Tuesday July 28. The second day in the presence of Thaye Dorje, His Holiness the XVIIth Gyalwa Karmapa, is dedicated to a teaching on refuge and the enlightened mind with the intention to prepare the public for receiving bodhisattva vows. As Monday, about 1600 people are seated in the great tent, ready to receive instructions from the master.
But first of all, what is a bodhisattva? It is someone who is engaged on the Buddhist path with the deep and sincere wish to realise enlightenment in order to assist all beings to become liberated from suffering (or rather dissatisfaction), as well as its causes, and to realize enlightened qualities. At our level, taking bodhisattva vows is clearly more training than an actual vocation! Never-the-less, in order to take them, it is necessary to have taken refuge, an engagement to no longer hurt others, and to have developed an authentic compassion. Karmapa assures us; this last quality – universal, inherent, something that everyone is capable of experiencing – is nothing more than one of the causes of enlightenment.
Before realising this state, free of suffering, all the masters were ordinary people who began by generating compassion. If we learn about their journey, the efforts that they furnished in developing the qualities present in each one, going beyond the afflictions than trouble the mind, we can develop a certain confidence, a devotion towards them. This happens naturally; their life simply becomes a source of inspiration and shows us that the path of Buddha is also accessible to us. The respect which arises in us in turn helps us to dissipate pride and the notion of ego.
Karmapa knows that we might think that we are in front of an impossible task to accomplish or even understand, but he reminds us that the fundamentals of the Buddha’s teaching are in the end quite simple. It is a question of real and natural qualities. It is a question of reality, as it truly is – and not that which we perceive. Buddhist teaching is not religious or cultural; it is deep and timeless. If we’re not careful, we risk forgetting the true meaning of the teaching by confining ourselves to proposed methods or skilled means. Karmapa insists on the necessity of keeping this in mind.
In speaking about the vows, the engagement that we’ve decided to follow, Karmapa declares that it refers to a lifestyle, an ethical conduct which, far from restricting ourselves to obligations, will bring freshness to the mind, an ease or well-being. If we manage to turn-away from thoughts and activities which trouble our mind, due to their being based on aversion, attachment or ignorance, the inner agitation calms down, and at the same time that which is best in us is reinforced. Karmapa specifies that turning away from negative afflictions is more natural than we think since they are not part of us. Contrary to what we frequently believe, they are not part of our nature. Once the vows – refuge, bodhisattva or other – have been taken, it is necessary to observe our attitude and to see if we stray from virtuous conduct to which we are engaged.
After teaching as such in the morning and the afternoon, Karmapa invites the public to take refuge again (or for the first time) and to receive the bodhisattva vows.

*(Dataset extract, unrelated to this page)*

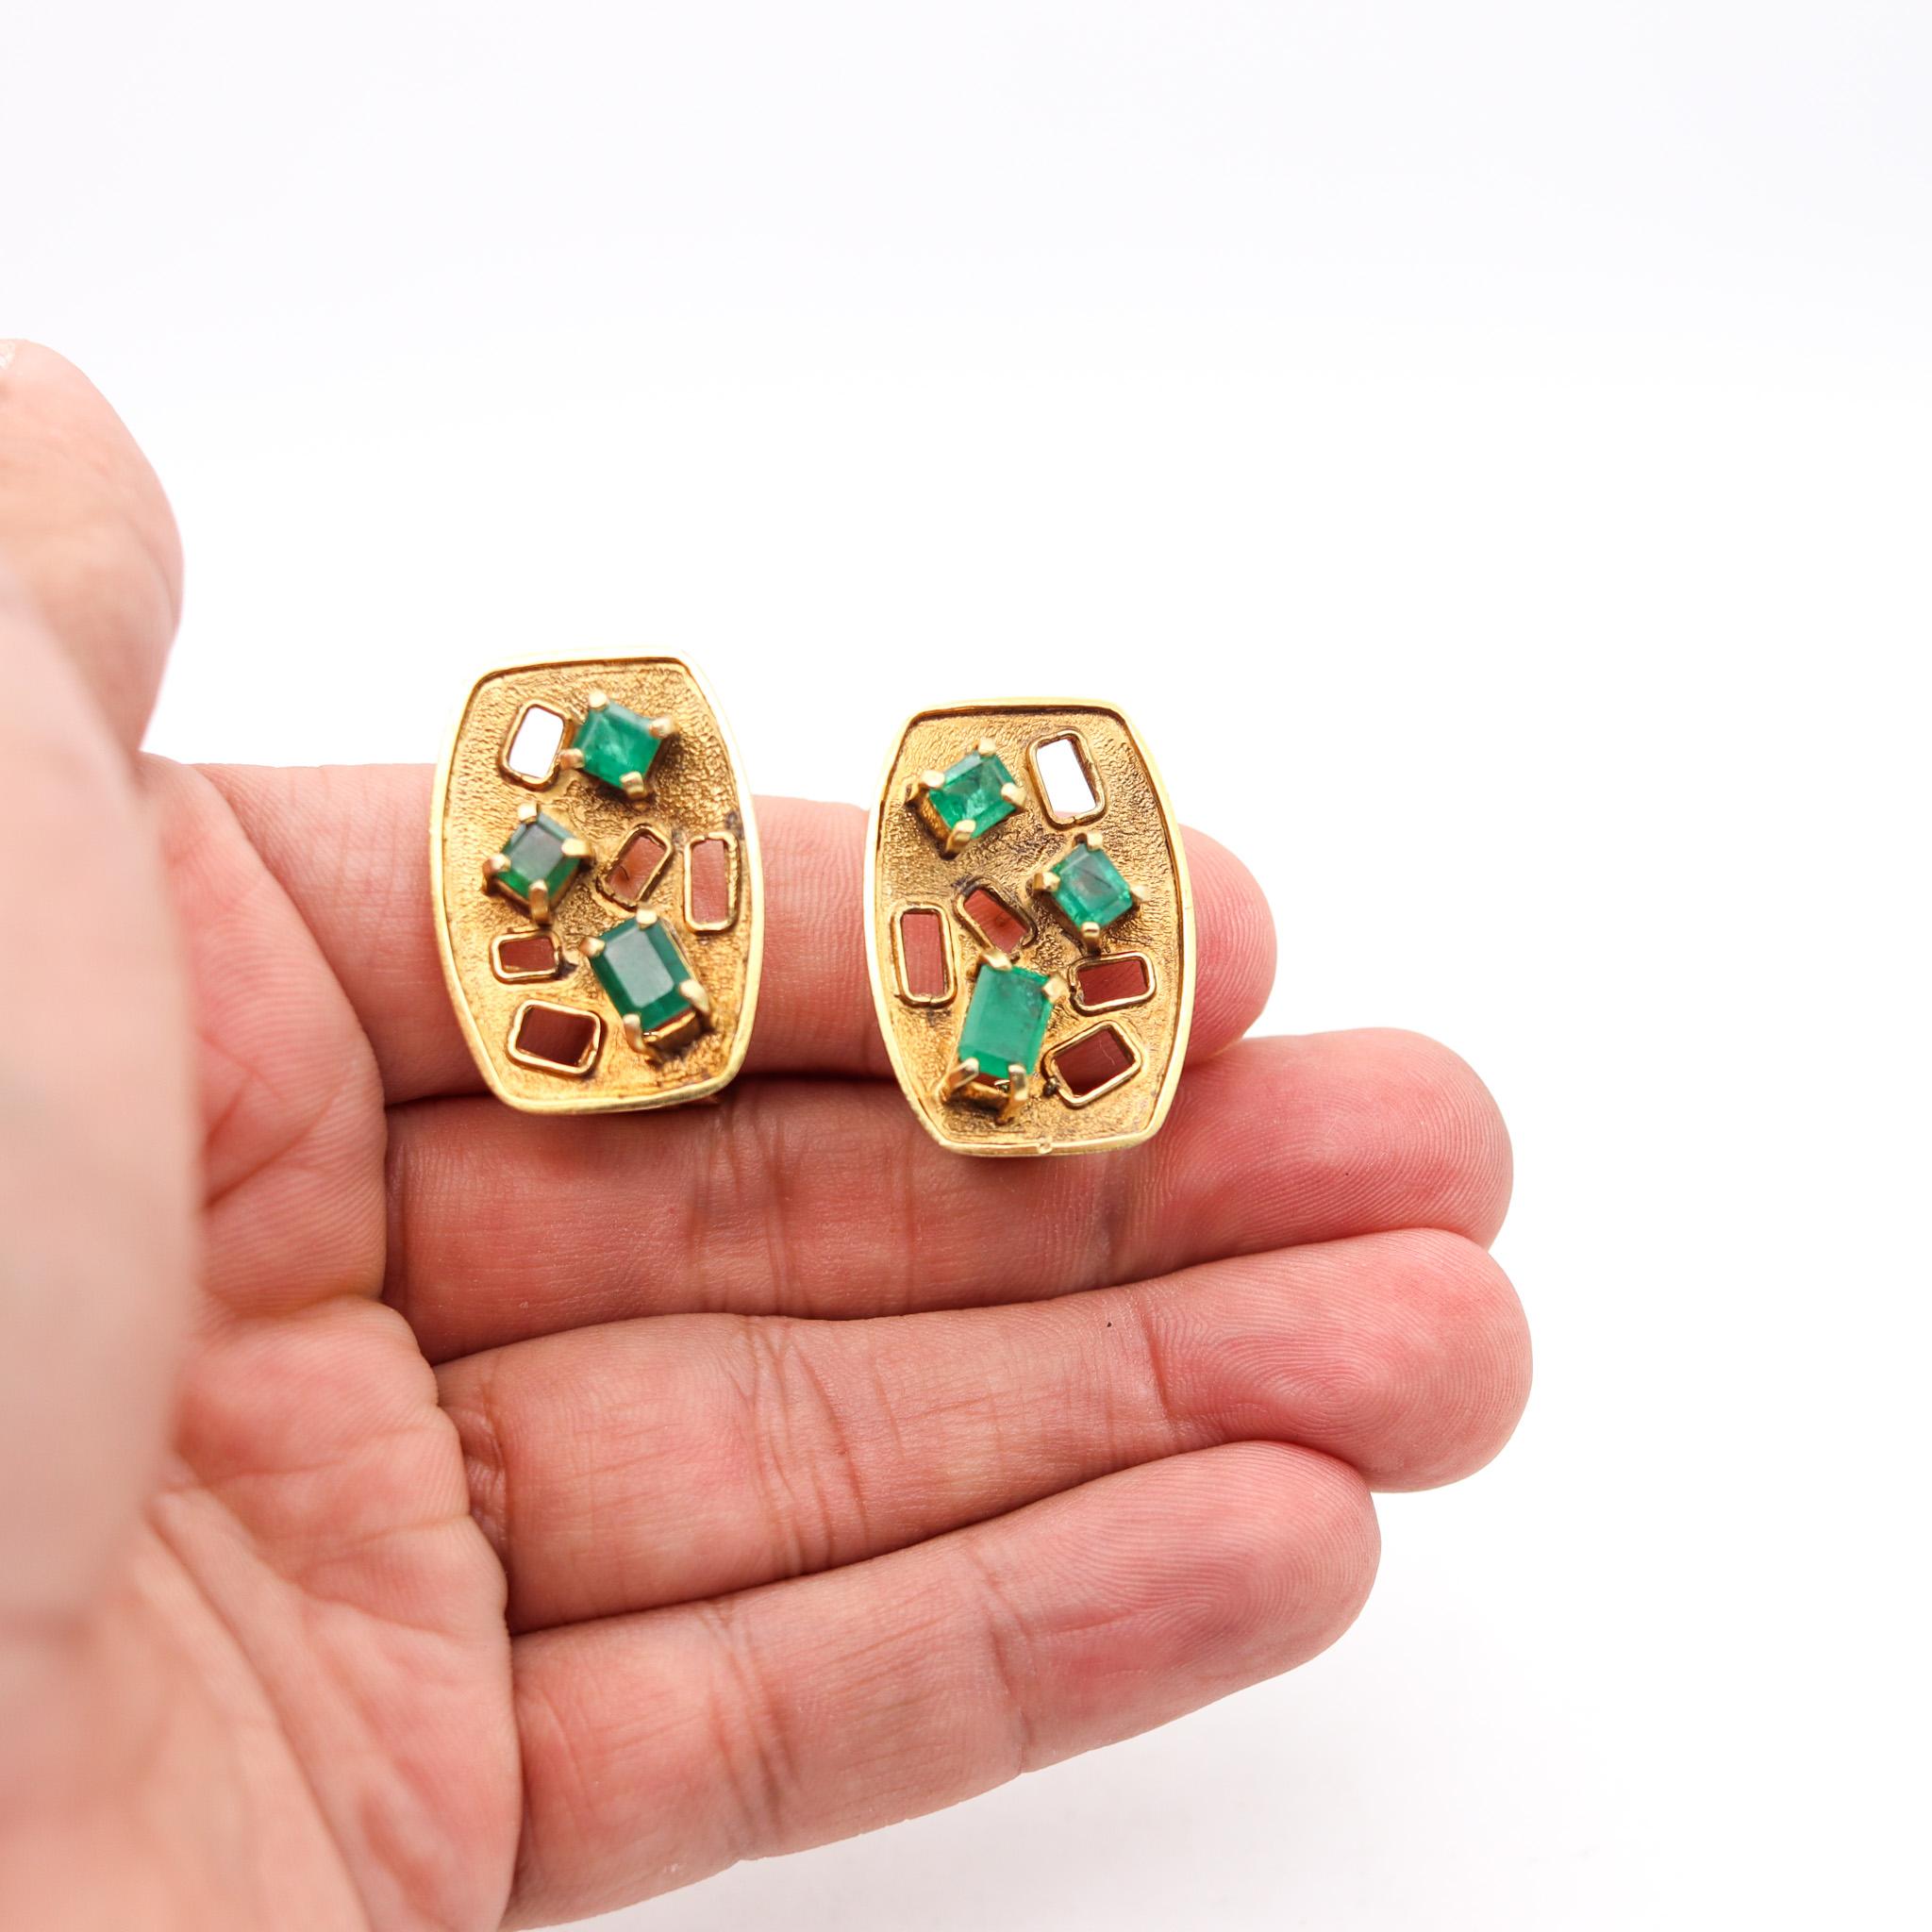 Emerald Cut Bruno Guidi 1970 Retro Modernist Earrings In 18Kt Gold With 4.45 Ctw In Emeralds For Sale
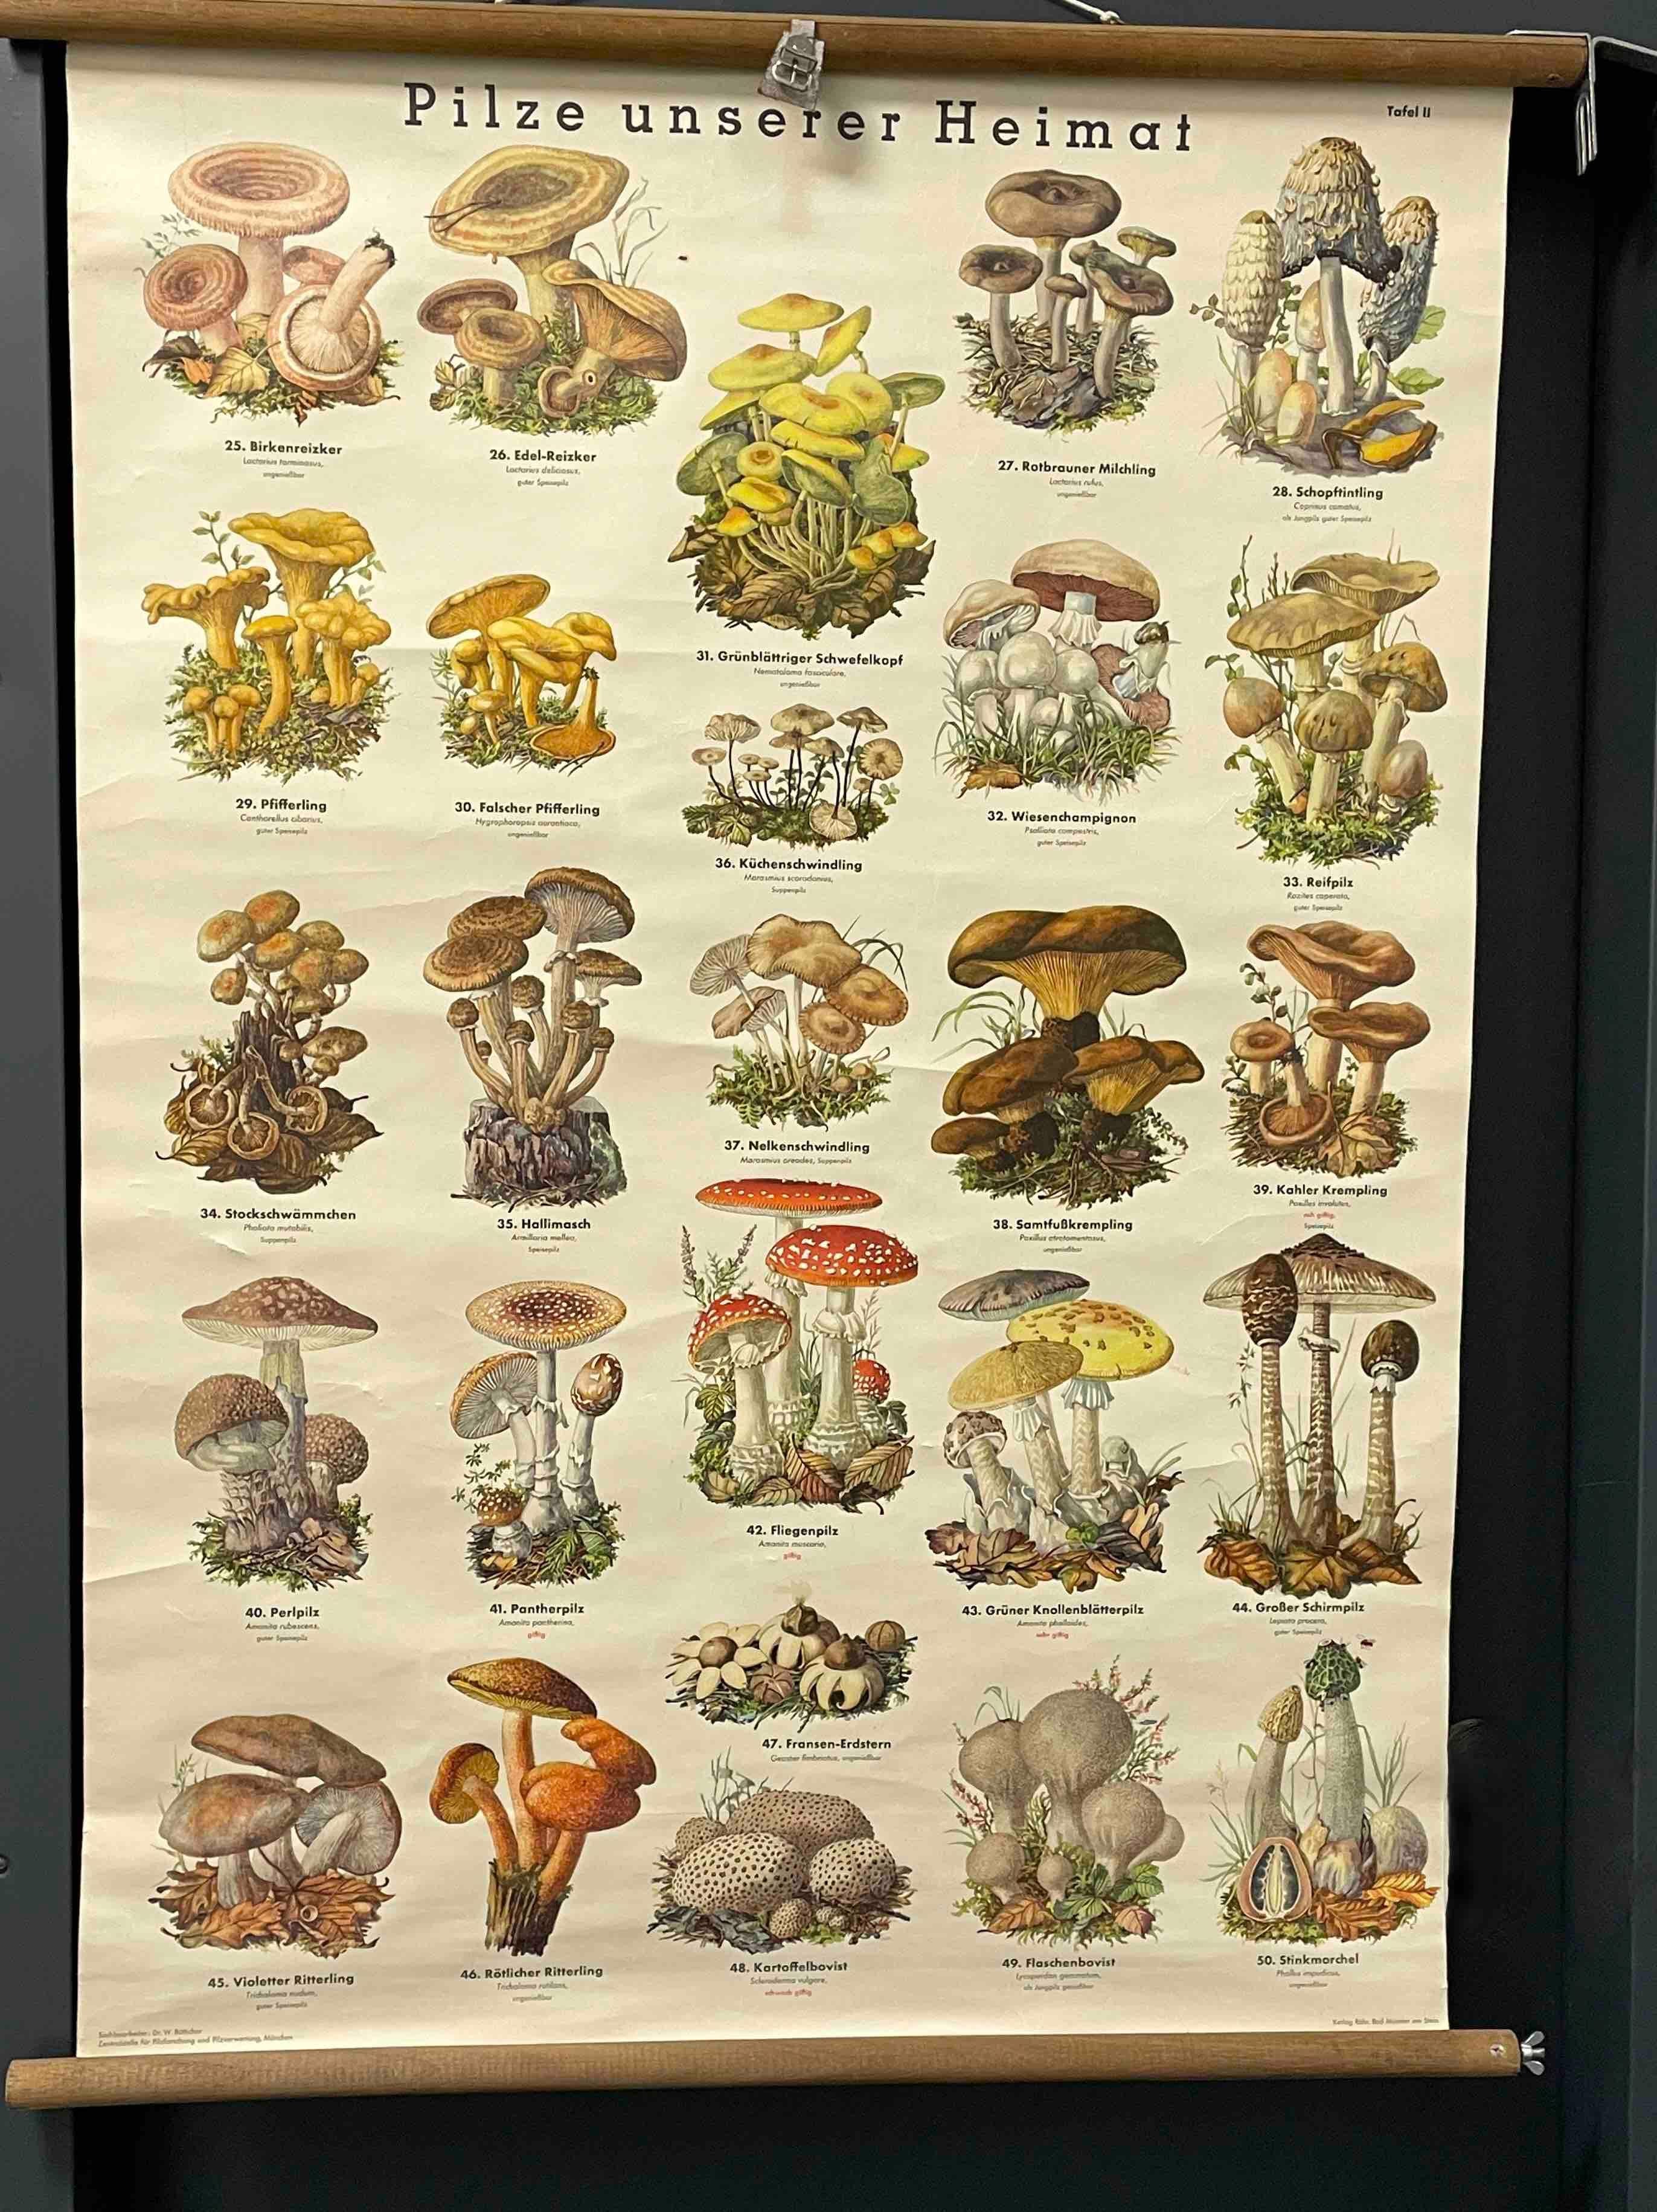 This rare vintage wall chart shows different types of mushrooms, which are native to middle europe. This kind of wall charts are used as teaching material in German schools. Colorful print on paper reinforced with canvas.

The ceremony, all at once simple and really quite profound, is quite short. Everyone is concentrated on the visualisations described by the master; everyone is occupied by generating a state of mind which he is encouraged to develop. And everyone pronounces, on Karmapa’s signal, the words lek so, “it’s excellent”, once the vows received.
Nearly 1600 people have now committed to training on the path of bodhisattvas. The journey will be long, no doubt. But, as Karmapa has often repeated, all the enlightened masters began their journey as ordinary beings. This proves that enlightenment is just as accessible to ourselves.
This article was written with the support of Lama Jean-Guy and Lama Puntso.